Diagram showing the visible pixels and the padding of a vImage buffer.

In some cases, this disparity between the row bytes used to hold image data and the buffer's actual row bytes may not affect your app's results. For this sample, compare the destination's rowBytes property against its width, multiplied by the stride of a Pixel_8 and, if the values are the same, you can infer there's no row byte padding and simply pass a pointer to the vImage buffer's data to vDSP's integerToFloatingPoint method:

var floatPixels: [Float]
let count = width * height

if sourceBuffer.rowBytes == width * MemoryLayout<Pixel_8>.stride {
    let start = sourceBuffer.data.assumingMemoryBound(to: Pixel_8.self)
    floatPixels = vDSP.integerToFloatingPoint(
        UnsafeMutableBufferPointer(start: start,
                                   count: count),
        floatingPointType: Float.self)

However, in the case where there is row byte padding, create an intermediate vImage buffer with explicit row bytes and use the vImage vImageConvert_Planar8toPlanarF function to populate floatPixels:

} else {
    floatPixels = [Float](unsafeUninitializedCapacity: count) {
        buffer, initializedCount in
        
        var floatBuffer = vImage_Buffer(data: buffer.baseAddress,
                                        height: sourceBuffer.height,
                                        width: sourceBuffer.width,
                                        rowBytes: width * MemoryLayout<Float>.size)
        
        vImageConvert_Planar8toPlanarF(&sourceBuffer,
                                       &floatBuffer,
                                       0, 255,
                                       vImage_Flags(kvImageNoFlags))
        
        initializedCount = count
    }
}

Perform the Convolution

The Laplacian kernel finds edges in the single-precision pixel values. Define the kernel as an array:

let laplacian: [Float] = [-1, -1, -1,
                          -1,  8, -1,
                          -1, -1, -1]

Use the vDSP convolve function to perform the convolution in-place on the floatPixels array:

vDSP.convolve(floatPixels,
              rowCount: height,
              columnCount: width,
              with3x3Kernel: laplacian,
              result: &floatPixels)

After the convolution, edges in the image have high values. The following image shows the result after convolution using the Laplacian kernel:

Photograph after Laplacian convolution. Edges appear as bright areas against a dark background.

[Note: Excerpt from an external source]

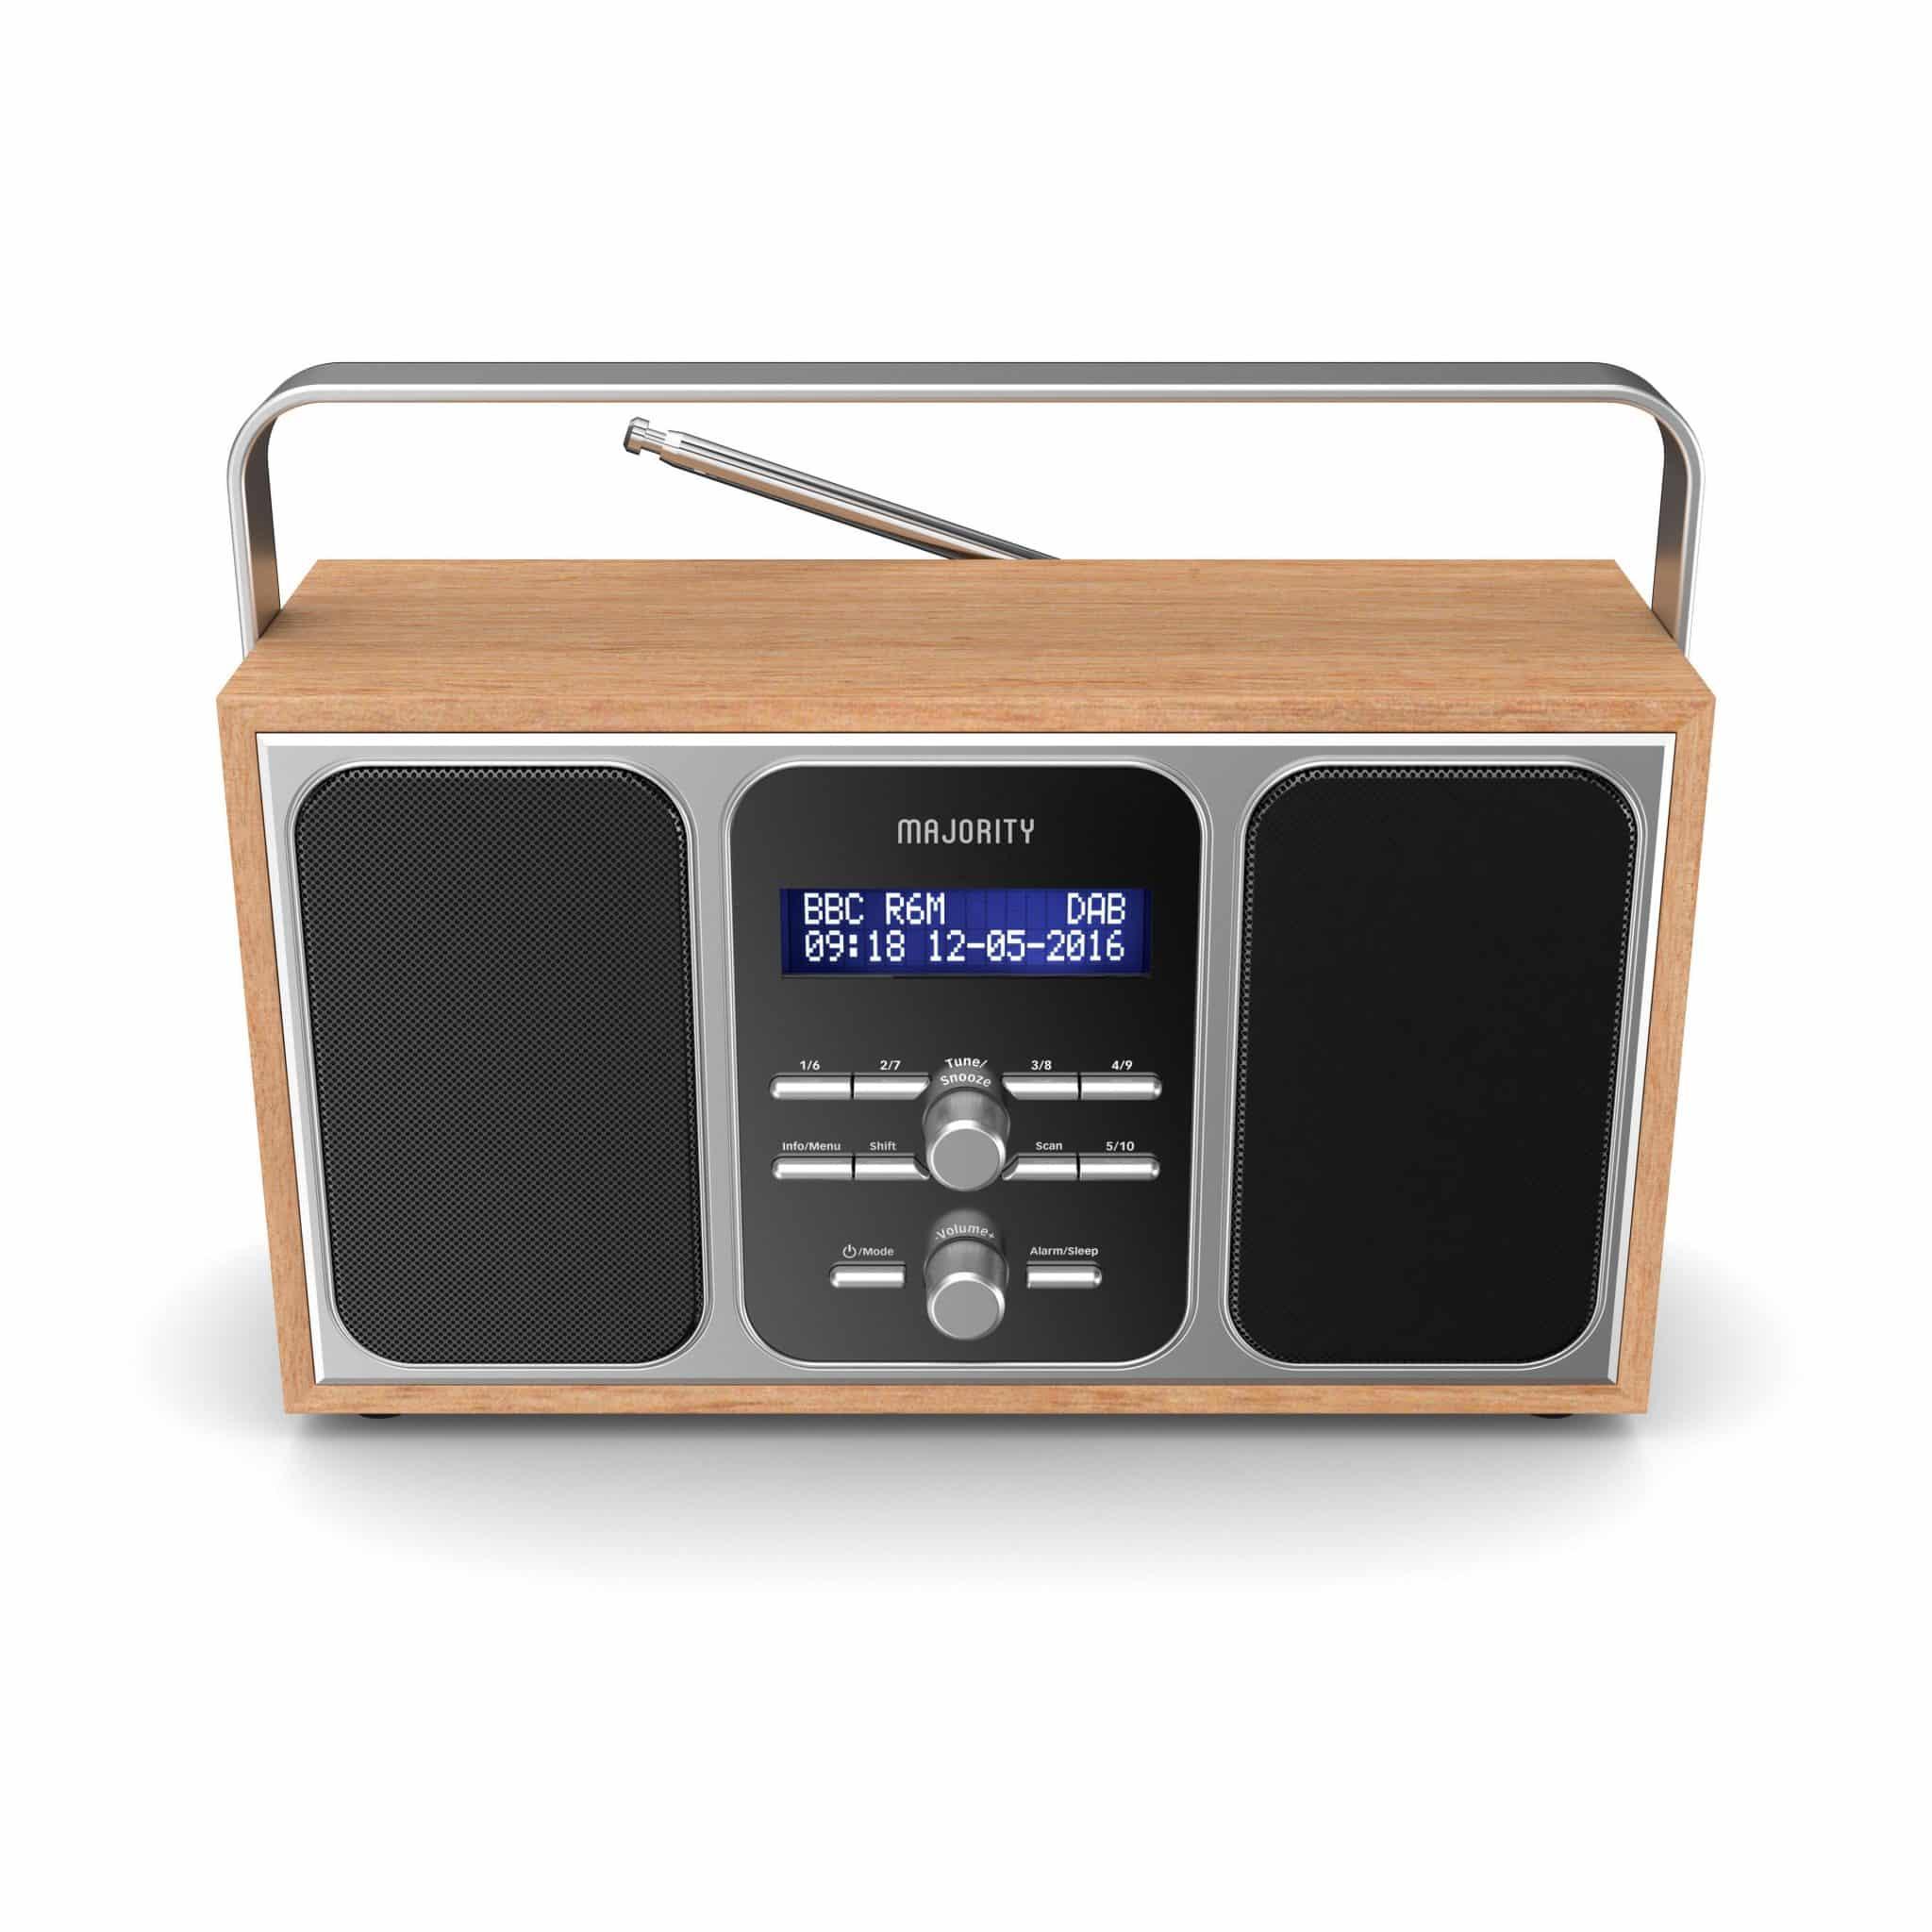 Portable DAB Radio - Girton Top

Calculate the Standard Deviation

Use the vDSP_normalize function to calculate the standard deviation of the pixel values after the edge detection:

var mean = Float.nan
var stdDev = Float.nan

vDSP_normalize(floatPixels, 1,
               nil, 1,
               &mean, &stdDev,
               vDSP_Length(count))

On return, stdDev contains the standard deviation, and you use this value as a measure of relative sharpness. Images with more variance have more detail than those with less variance, and that difference is used to derive the relative sharpness.

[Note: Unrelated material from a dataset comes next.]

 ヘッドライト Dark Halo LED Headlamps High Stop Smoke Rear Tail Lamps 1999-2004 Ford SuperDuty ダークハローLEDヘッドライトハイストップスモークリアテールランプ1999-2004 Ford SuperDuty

Create a vImage Buffer from the vDSP Convolution Result

To display the result of the convolution, create a vImage buffer from the pixel data in floatPixels. The following clips the result to 0 ... 255. The clipping ensures there's no overflow when converting the single-precision values to unsigned 8-bit integers with floatingPointToInteger(_:integerType:rounding:):

let clippedPixels = vDSP.clip(floatPixels, to: 0 ... 255)
var pixel8Pixels = vDSP.floatingPointToInteger(clippedPixels,
                                               integerType: UInt8.self,
                                               rounding: .towardNearestInteger)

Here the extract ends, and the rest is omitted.